Этим же, повидимому, объясняется то совсем еще темное для исследования обстоятельство, что, в противоположность Державину, Евгению является не современный ему монарх, а всадник. Пушкин не развивает творчески одическую тему, а просто ее „цитирует“. Противопоставить Евгению Александра Пушкин не хочет и не может, потому что это значило бы реставраторски творить, а одическое творчество, в обстановке 30-х годов, было бы архаизмом. Одизмы Пушкина от „Полтавы“ до „Памятника“ представляют заодно и возрождение и низложение классической традиции XVIII в.: в этом глубокое диалектическое (т. е. ведущее) противоречие в отношении Пушкина к наследию поэзии XVIII в.

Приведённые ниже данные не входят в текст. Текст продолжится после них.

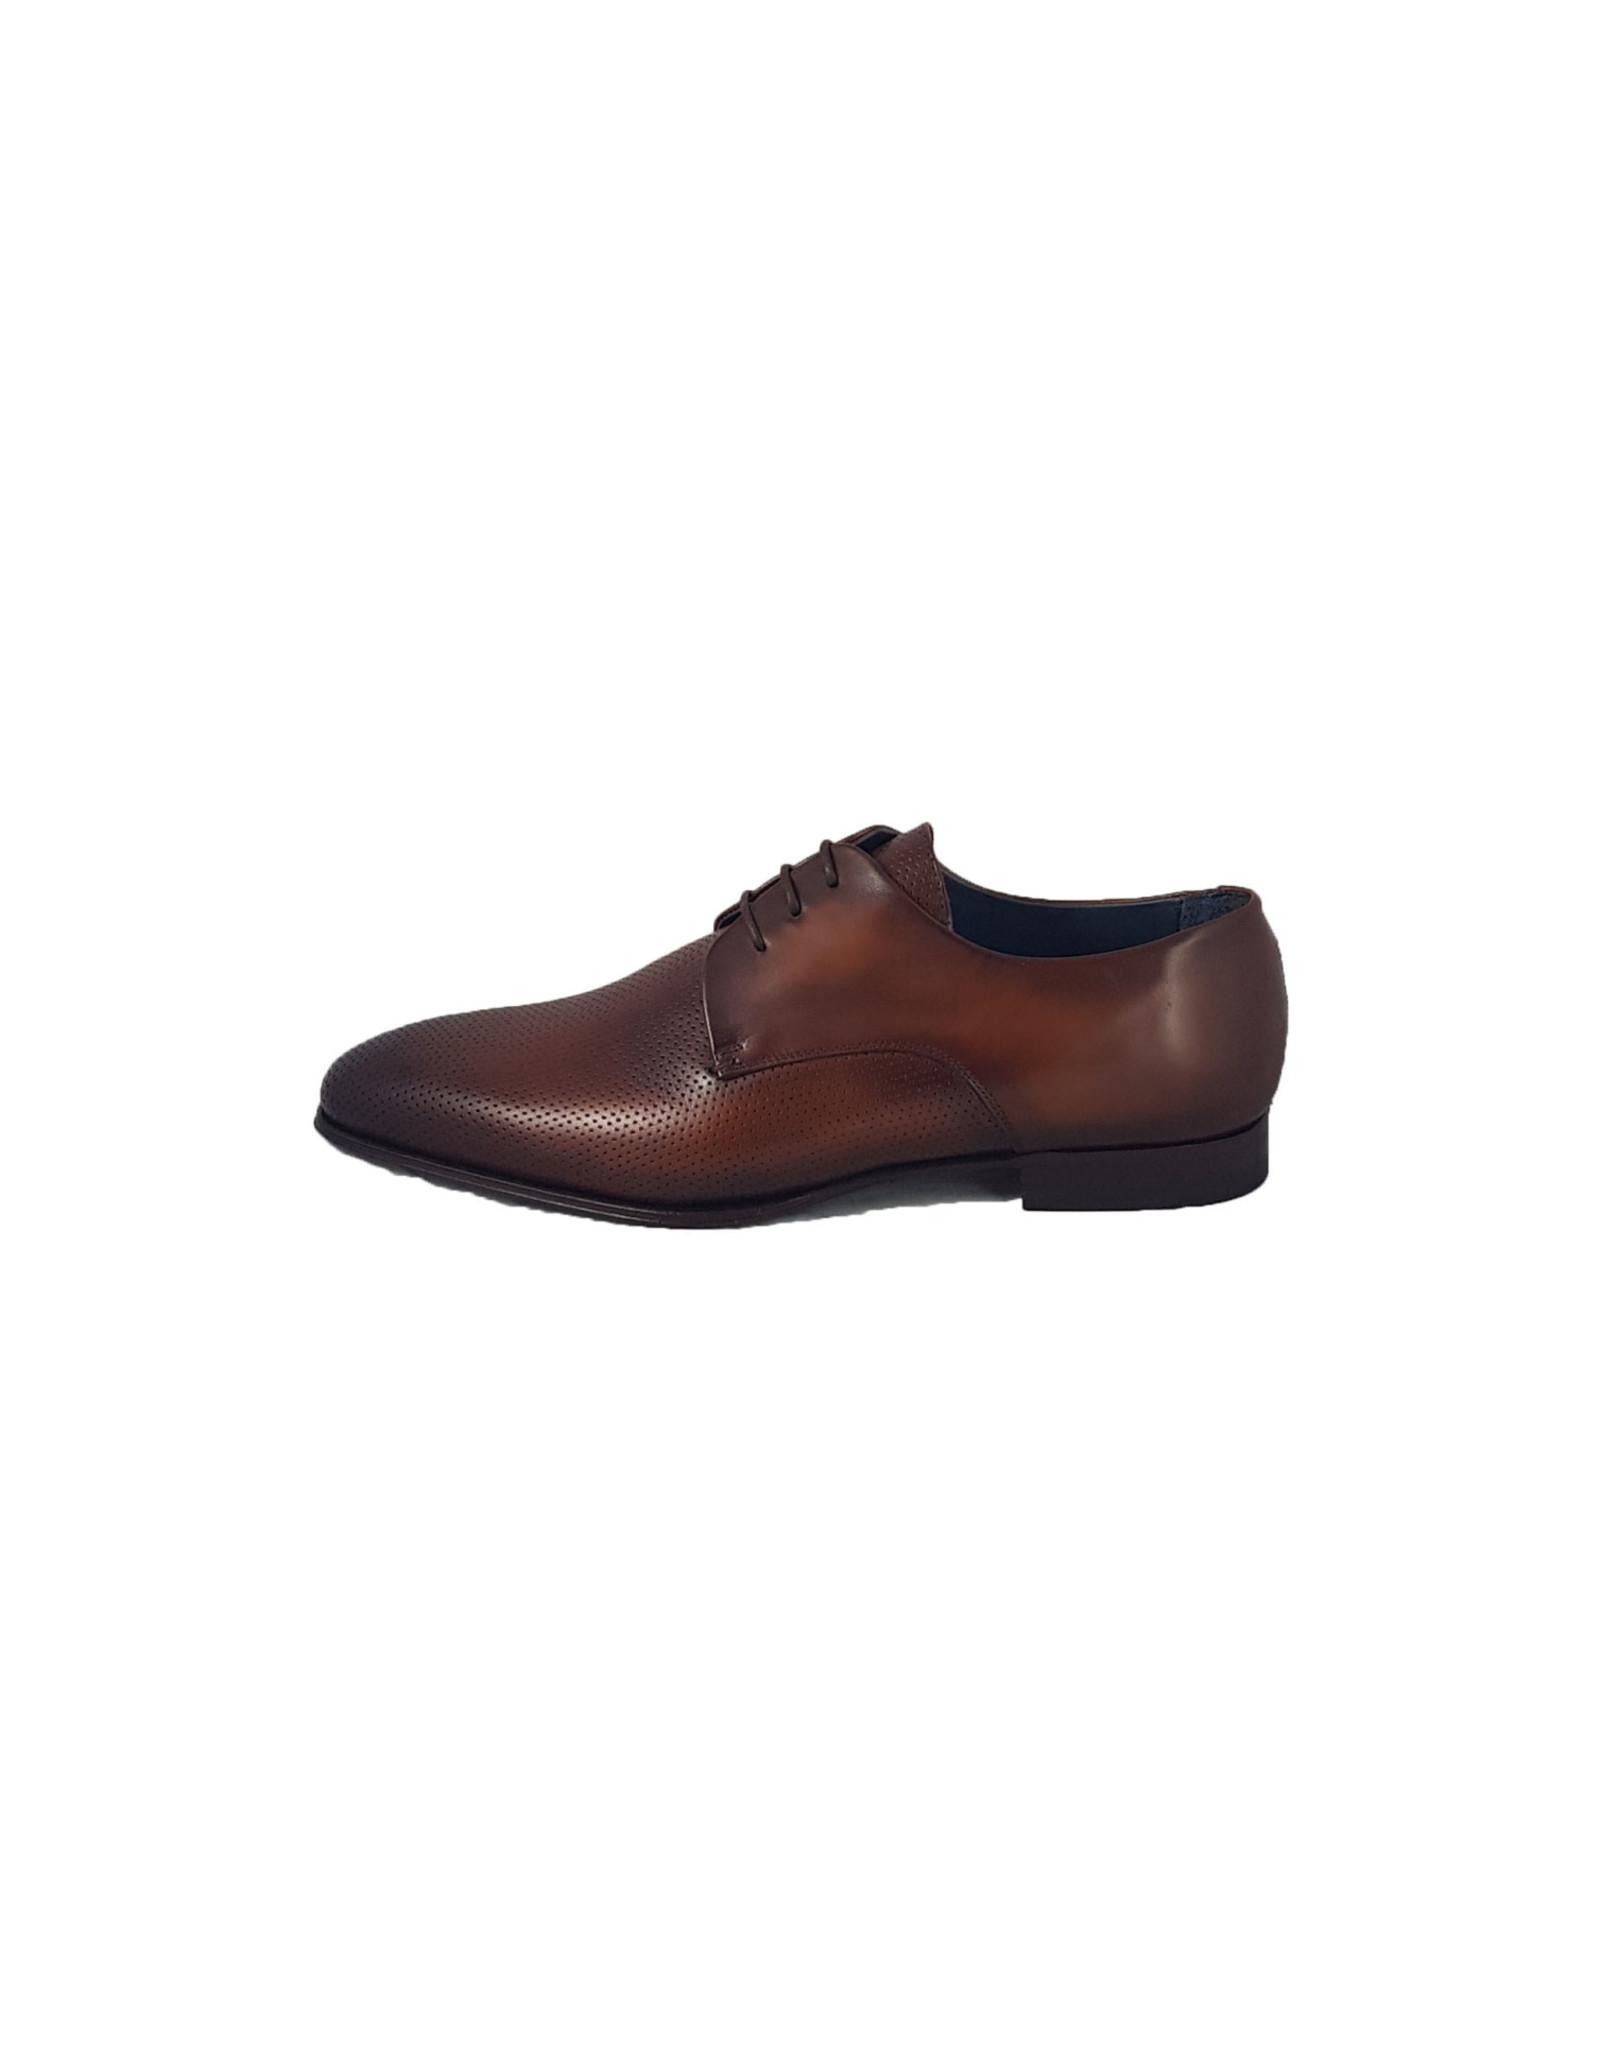 Zampiere Zampiere schoenen cognac Prince cuoio M:5381 V18

Этим же и объясняется своеобразие в развитии замысла. Можно было бы противопоставить Евгению: 1) Александра I, т. е. поступить по-державински, 2) всадника в том „чистом“ виде, в каком он дан фальконетовой одой, т. е., скажем, развить соответствующую продигиозную ситуацию в оде Петрова 1793 г. Но Пушкин поступает иначе. Явление всадника он сливает с явлением грандиозных, величественных, натурально-героических фигур, т. е. с темой, разработанной за долгую историю развития русской оссианической поэзии.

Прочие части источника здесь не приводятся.